Pocas estrellas vivieron contrastes tan severos entre las desgracias de su vida, que incluían penurias en lo personal y profesional, y el esplendoroso y divertido carisma de su trabajo como le sucedieron a Marilyn Monroe. Ella estuvo presente en lo que se siguen considerando comedias imprescindibles, así como algunos musicales llenos de color.
Para bien y para mal, Monroe estableció eslabón entre un proceder todavía tiránico de los estudios de cine del Hollywood clásico y las nuevas corrientes que estaban surgiendo por la época. Además de trabajar con cineastas encomiables, fue parte del reclamo de una película con intención de hacer historia como ‘Cómo casarse con un millonario’ (’How to Marry a Millionarie’).
Matrimoniadas a toda costa
Suena exagerado hablar así de una comedia romántica de enredos con alguna pretensión musical como esta, pero la película de Monroe con Lauren Bacall y Betty Grable consiguió el logro de ser la primera película terminada con la tecnología de Cinemascope. Con ella consiguieron un espectáculo grande y colorido que hoy se va a poder ver en televisión a través de La 2 a partir de las 22:20 horas.

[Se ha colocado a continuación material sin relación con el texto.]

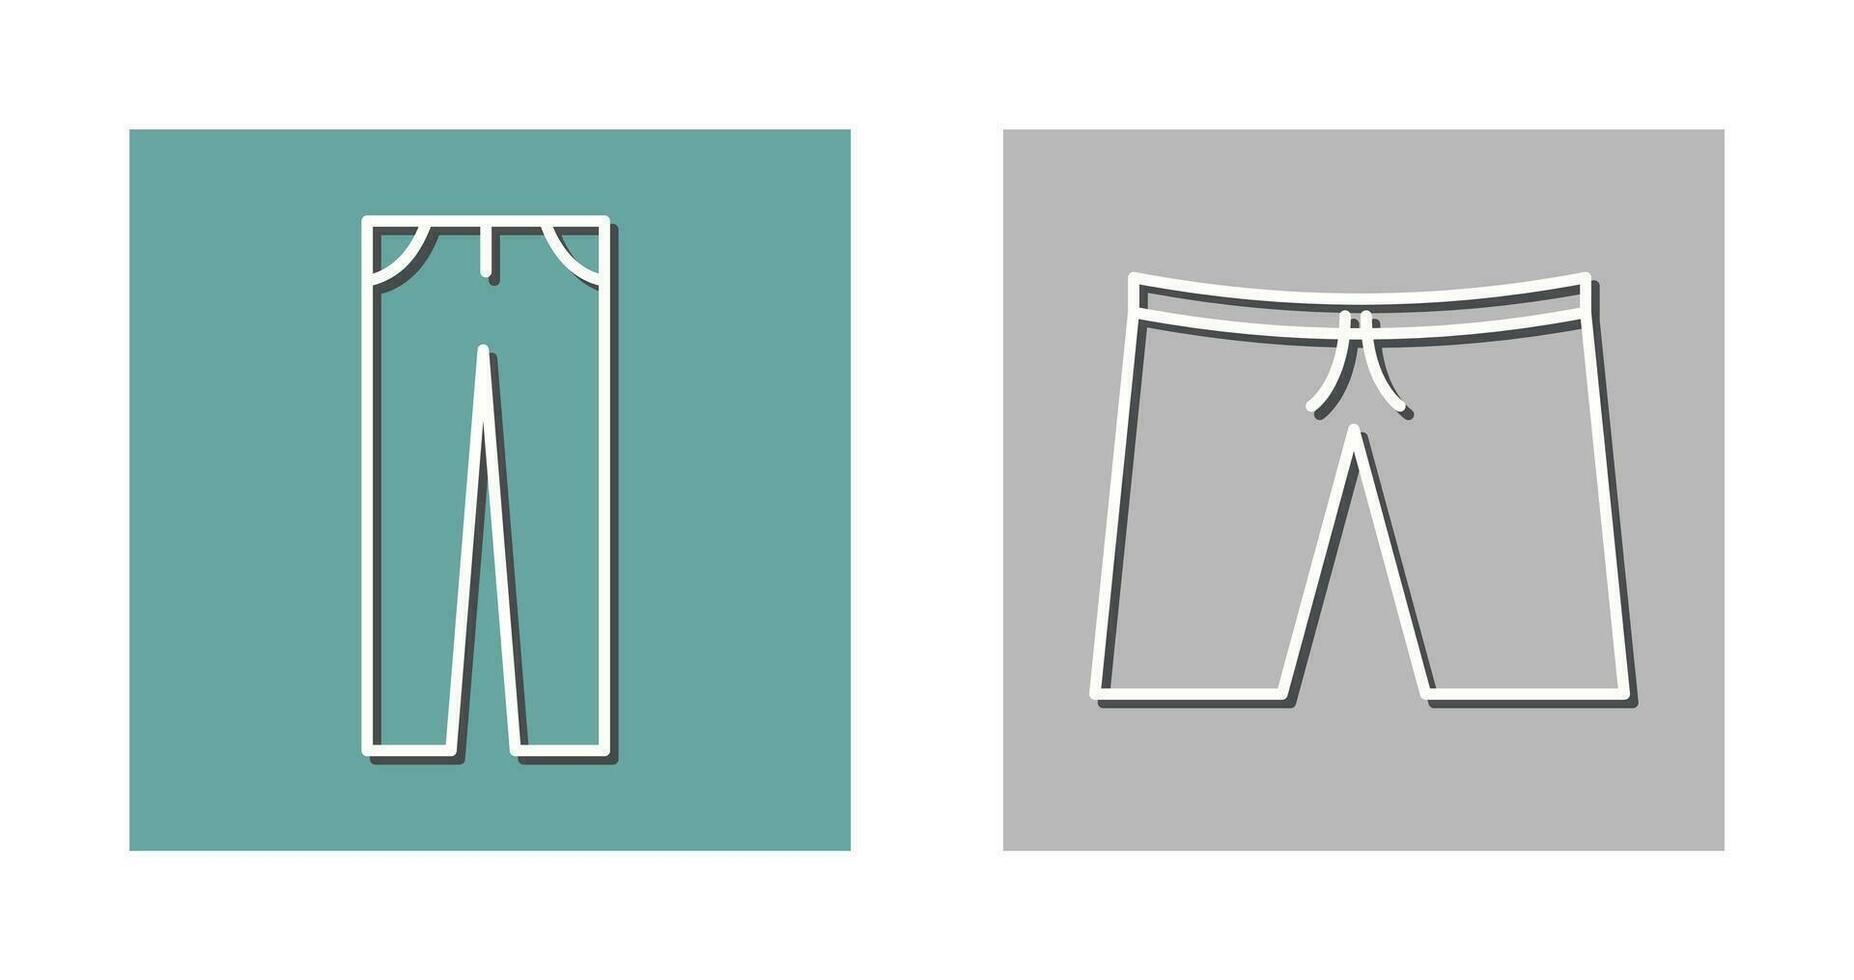 Pants and Shorts  Icon vector

Tres mujeres que hacen de modelos profesionales, Schatze, Pola y Loco, se sitúan en un exclusivo apartamento de Nueva York con un objetivo: emplear sus talentos para dejar atrás romances baratos y vidas más baratas, intentando pescar a millonarios que les solucionen la papeleta de por vida. Sus planes son ambiciosos, tanto que se vuelven difíciles de cumplir.
Si la premisa suena a algo especialmente casposo para los estándares que manejamos ya en 2026, verla en ejecución resulta impactante porque hasta resulta antigua para el contexto de su época. No hay ni el más mínimo intento de subversión que de agencia a sus personajes, o que de pie a una revisión contemporánea que se acerque al empoderamiento.
‘Cómo casarse con un millonaria’: extrañamente rígida
Claro, pedir cosas así con la ventaja que proporciona el tiempo tiene mucho de ventajista. Pero tampoco es que la adaptación de Jean Negulesco de este material de para mucho que haga reivindicarla como logro artesano o divertimento poco pretencioso, aunque pueda aterrizarle alguna gracia. Su puesta en escena es teatral hasta el extremo, y rígida como un polo que te olvidaste en el fondo del congelador del verano pasado.
Se puede apreciar al menos el intento de hacer lucir vistosos y grandes los colores del vestuario, una muestra de que había una dedicación en estos aspectos que al menos se hace apetecible de ver en contraste con el presente. Eso y que Monroe y también Bacall tienen carisma para llenar la pantalla y conducir medianamente una función. Suena a poco, pero realmente es suficiente.